Foreign remittances are estimated to amount to US$13.8 billion for 2017, the highest growth rate of the past five years and a year-on-year increase of 16%, according to the latest statistics provided by the World Bank.


{keywords}



However, the National Centre for Socio-Economic Information and Forecast (NCIF) under the Ministry of Planning and Investment has predicted that overseas remittances will come under pressure this year as the global economic recovery and international investment capital flows will have a significant impact on the inflows of foreign direct investment (FDI) and foreign remittances to Vietnam.

The NCIF says further pressure on remittances to Vietnam will keep going on this year due to US President Donald Trump’s tightened immigration policy. In addition, the Federal Reserve System’s plan to raise the US dollar’s interest rate this year will have a large influence on remittances to Vietnam with 60% of which come from overseas Vietnamese in the US. Meanwhile, the deposit rates of foreign currencies at home remain low.

The US interest rate hike puts more pressure on the VND exchange rate and is one reason behind the State Bank of Vietnam (SBV) keeping its USD deposit rate at zero, which it has set since December 18, 2015 to reduce domestic demand for foreign currencies.

Sharing a similar view with the NCIF, Dr. Nguyen Tri Hieu, a financial and banking expert, says that US$13.8 billion released by the World Bank were not an accurate reflection of the remittance situation in 2017.

The US President’s immigration policy already made an impact last year. The USD deposit rate in Vietnam is currently at zero, while the growing interest rate in the US resulted in a slower flow of remittances from the US, Hieu analyses.

He forecasts that remittances will continue to be affected by US immigration and trade policies as President Trump will likely enact measures to limit certain trade coming into the country, thus driving up the prices of products imported to the US market. With such current trade policy, the inflow of remittances from the US into Vietnam may remain stable, excluding the possibility of the counter effect that will reduce remittances, Hieu notes.

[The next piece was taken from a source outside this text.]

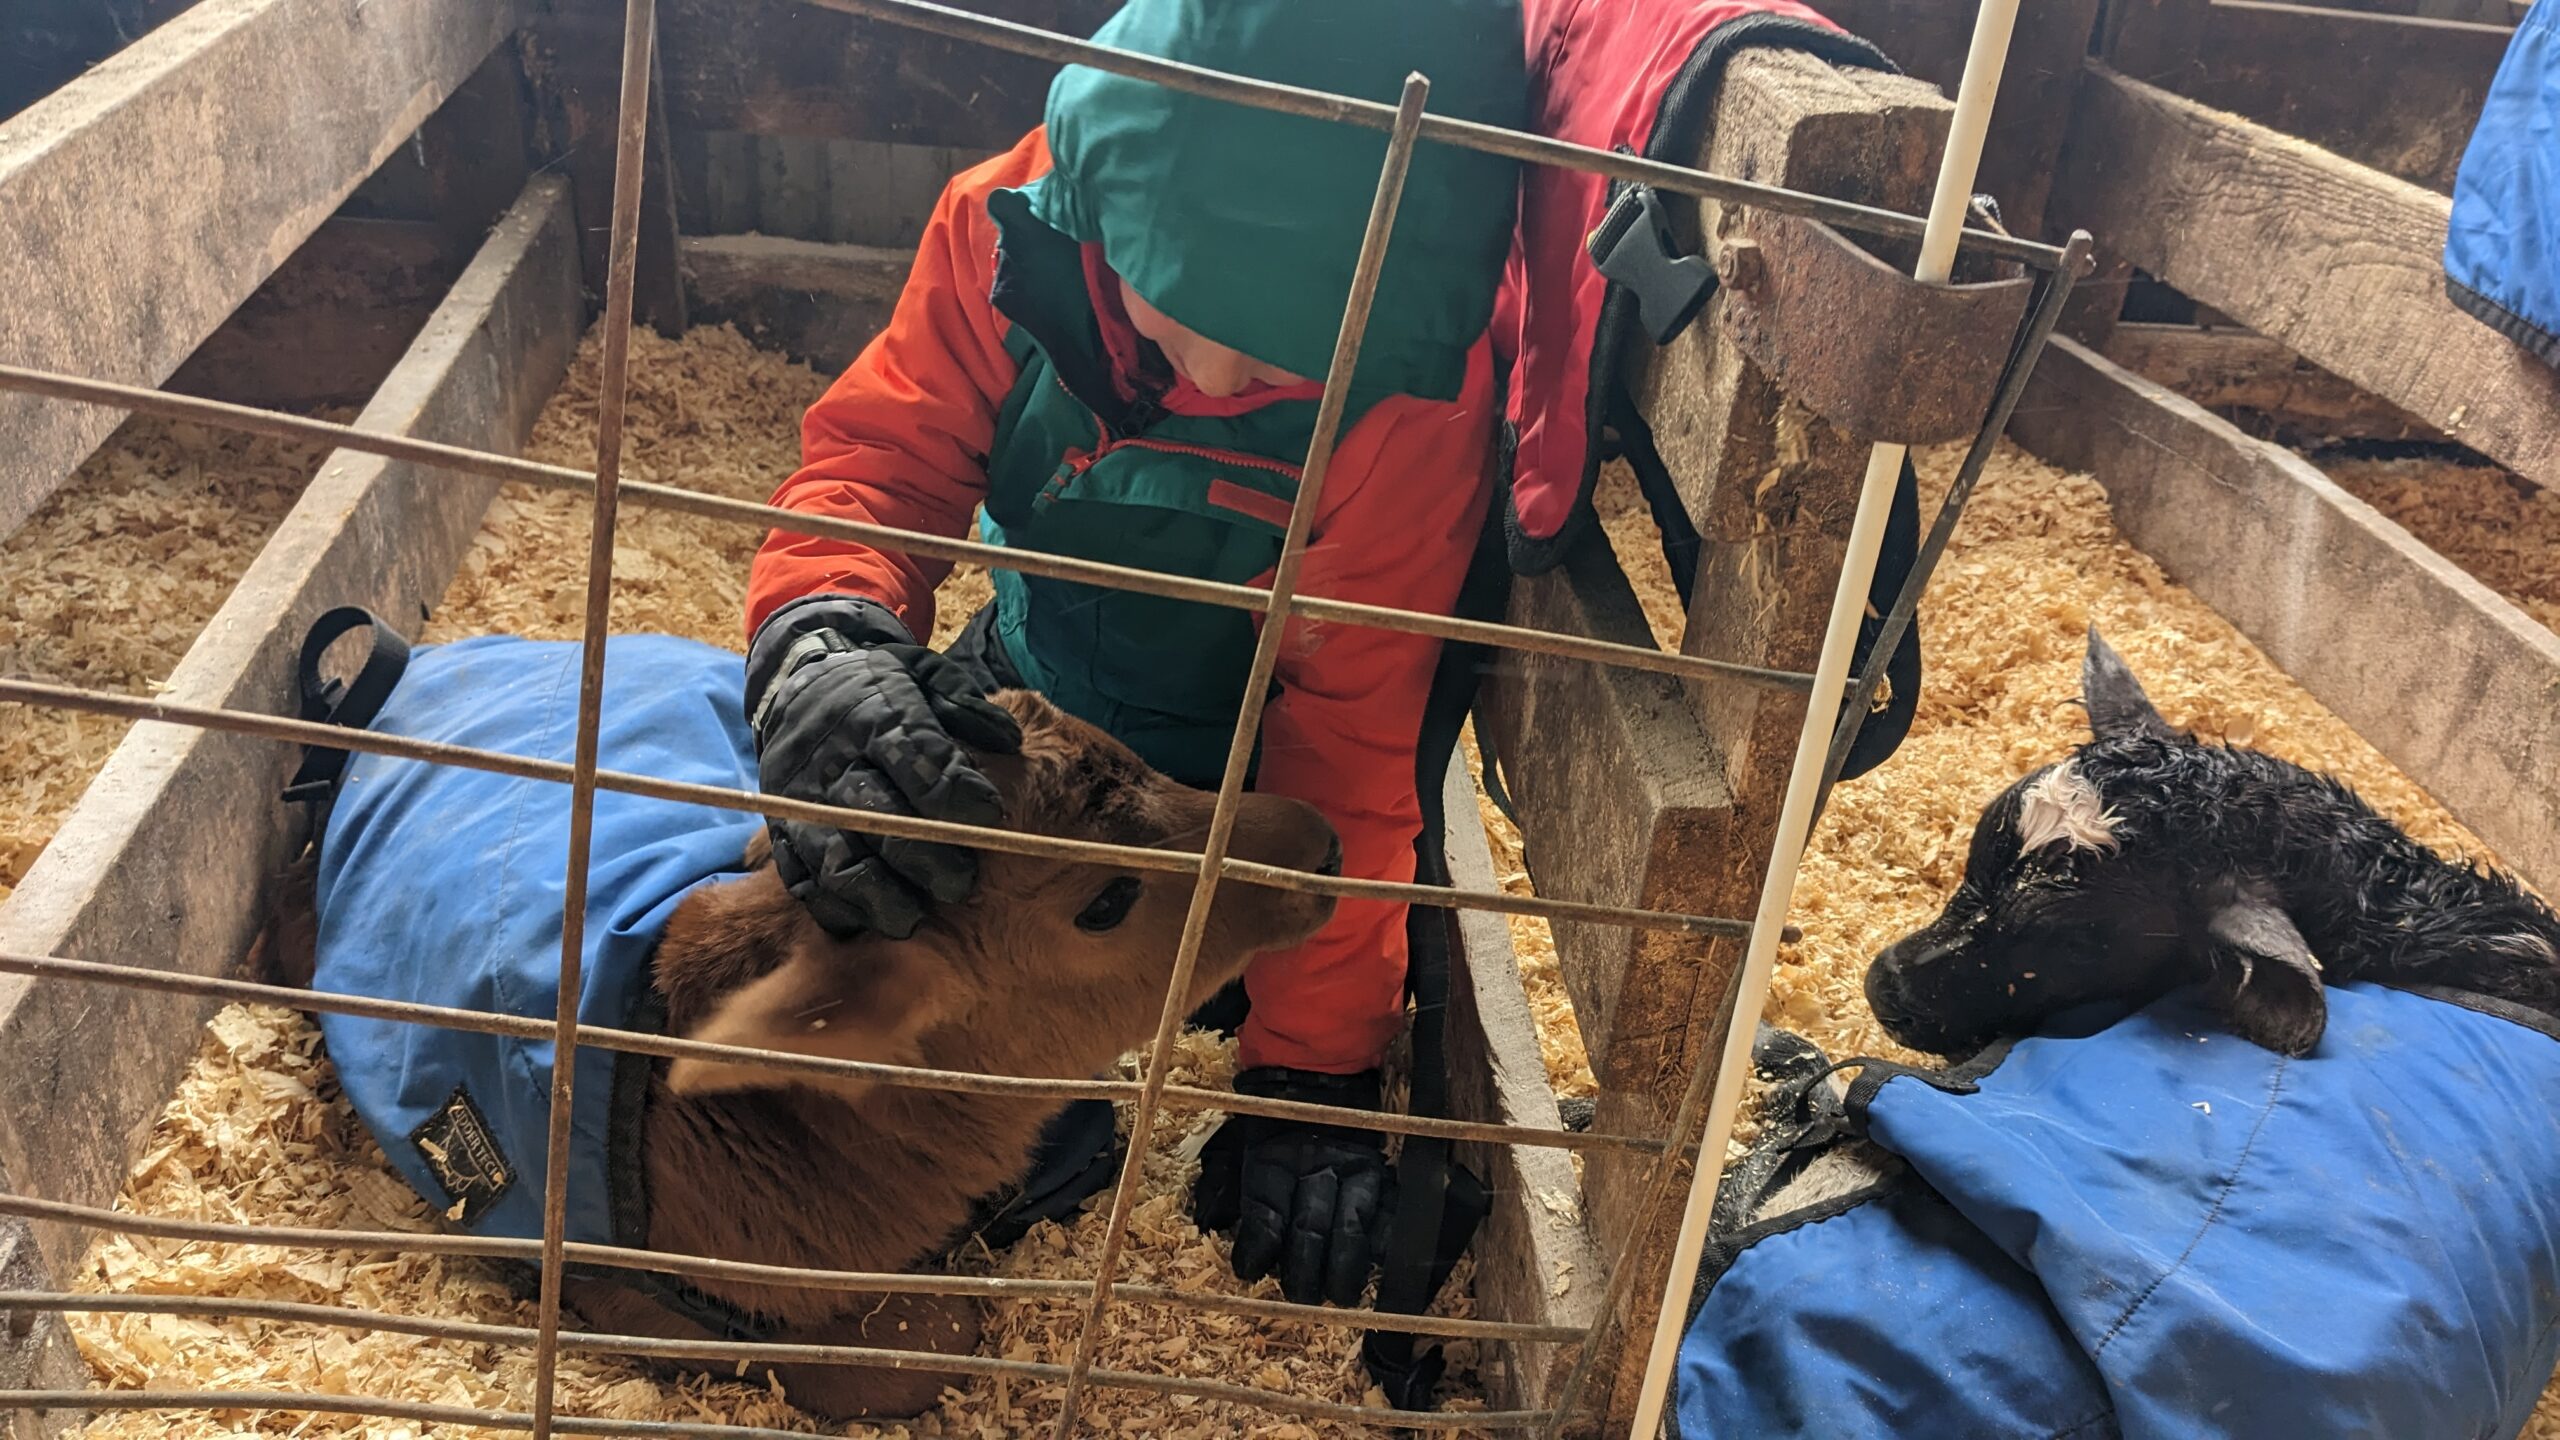 A young child in brightly colored winter gear kneels and pets a newborn calf wearing a bright blue jacket inside a pen, while another calf rests in the next pen.

In fact, accurate information about remittances for 2017 is required in order to give valid opinions and specific forecasts for 2018. However, some experts optimistically affirm that a favourable domestic business environment is seen as a contributory factory to remittance attraction through higher investments in business operations and real estate and a flow of migrant worker’s money transfers into Vietnam.

Furthermore, the stable Vietnam Dong/US dollar exchange rate will be a favourable factor for bringing in remittances. In addition to a stable foreign exchange, there will be a consolidation of trust if monetary and foreign exchange policies are implemented as effectively as last year.

Nguyen Ngoc Canh, Head of the Foreign Exchange Management Department of the State Bank of Vietnam, says positive signs are seen in the volume of remittances which have increased by more than 10% to US$10 billion.

Since the SBV applied the ceiling interest rate for the US dollar, foreign remittances have remained healthy and shown strong growth without facing any impacts  by the  difference in US interest rate in Vietnam and internationally, and, or by the USD interest rate policy of the SBV.

Remittances have been transferred to Vietnam via four channels: commercial banks, economic organizations, customs, and post offices. Commercial banks are the most popular money transfer model, handling 72.6% of overseas remittances. The US, China (including Taiwan, Hong Kong, and Macao), the Republic of Korea, and Japan are major sources of supply.